14 Ekim Yerli Halklar Günü, ünlü soykırım meraklılarının kutlamalarının yerini alacak olanlar tarafından bastırılan ve duyurulan yerli halkın anılmasıdır. Kristof Kolomb çiçek hastalığı ve fetihten önce bu kıtada gelişen kültürlerin takdiri ile. Ve bu yıl, Yerli Halklar Günü geldiğinde, hayatımda ilk kez bir bayram olarak kutlamayacağım. Yerli Amerikan. Çünkü, ilk defa, ben değilim.

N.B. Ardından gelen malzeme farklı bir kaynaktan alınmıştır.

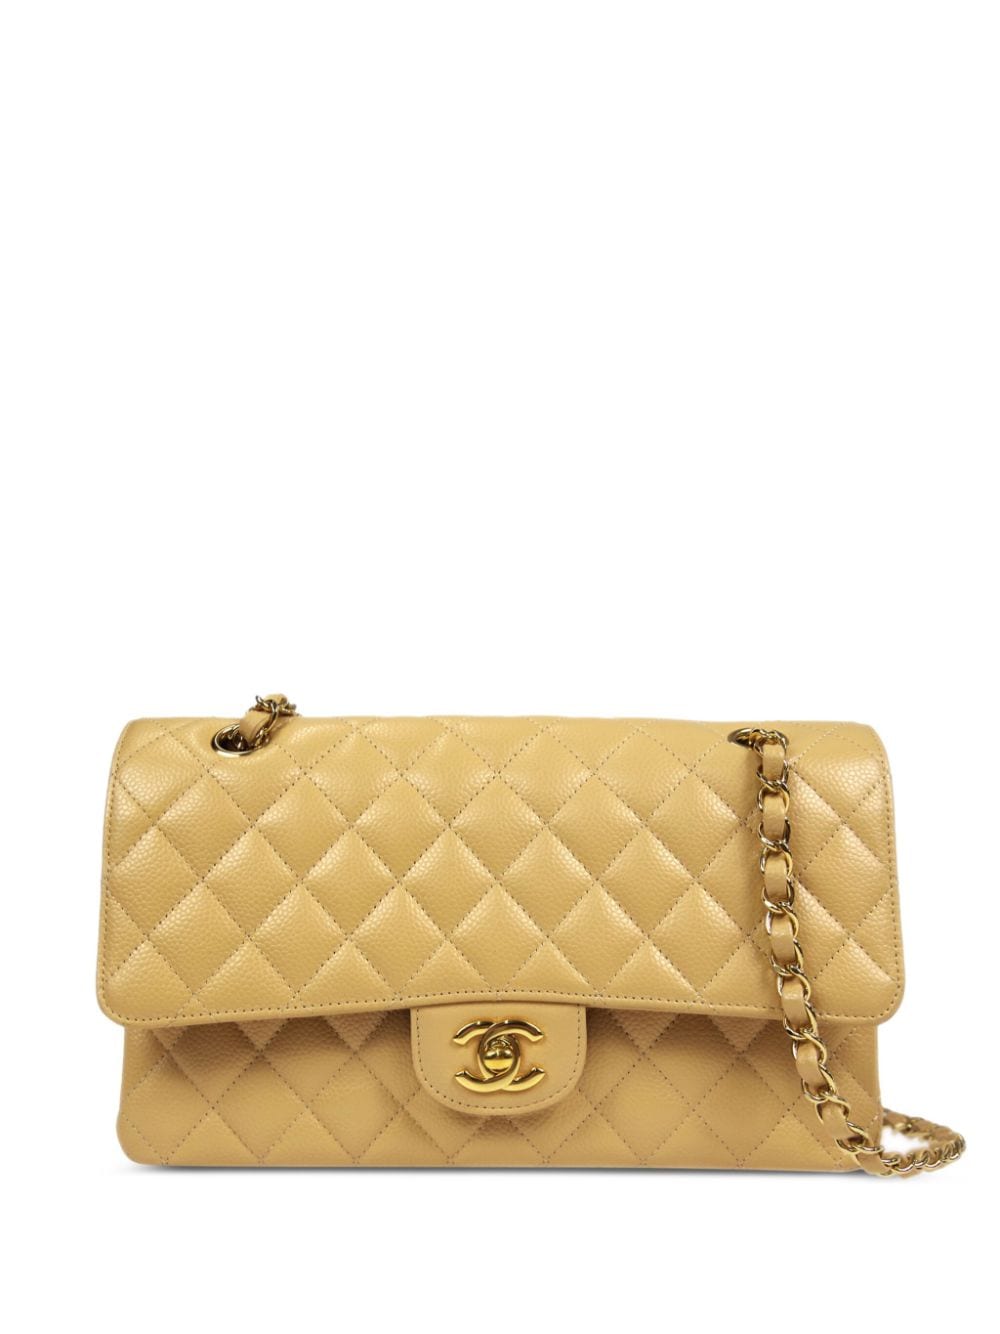 Chanel Nude Flap Bag – thankunext.us

Adil olmak gerekirse, ben hiç olmadım. Ama bana çocukken söylenen bu değildi ve bir yetişkin olarak inanmaya başladığım şey bu değildi. Neredeyse her aile toplantısında ortalıkta dolaşan hikaye, büyük büyükannemin yarı Kızılderili olduğuydu. Beyaz bir adamla evlendi ve büyükbabamı Leadville, Colorado'da doğurdu. Daha sonra soyadı olan başka bir adam tarafından evlat edinildi. Coleman. Bunun pek doğru olmadığı ortaya çıkıyor.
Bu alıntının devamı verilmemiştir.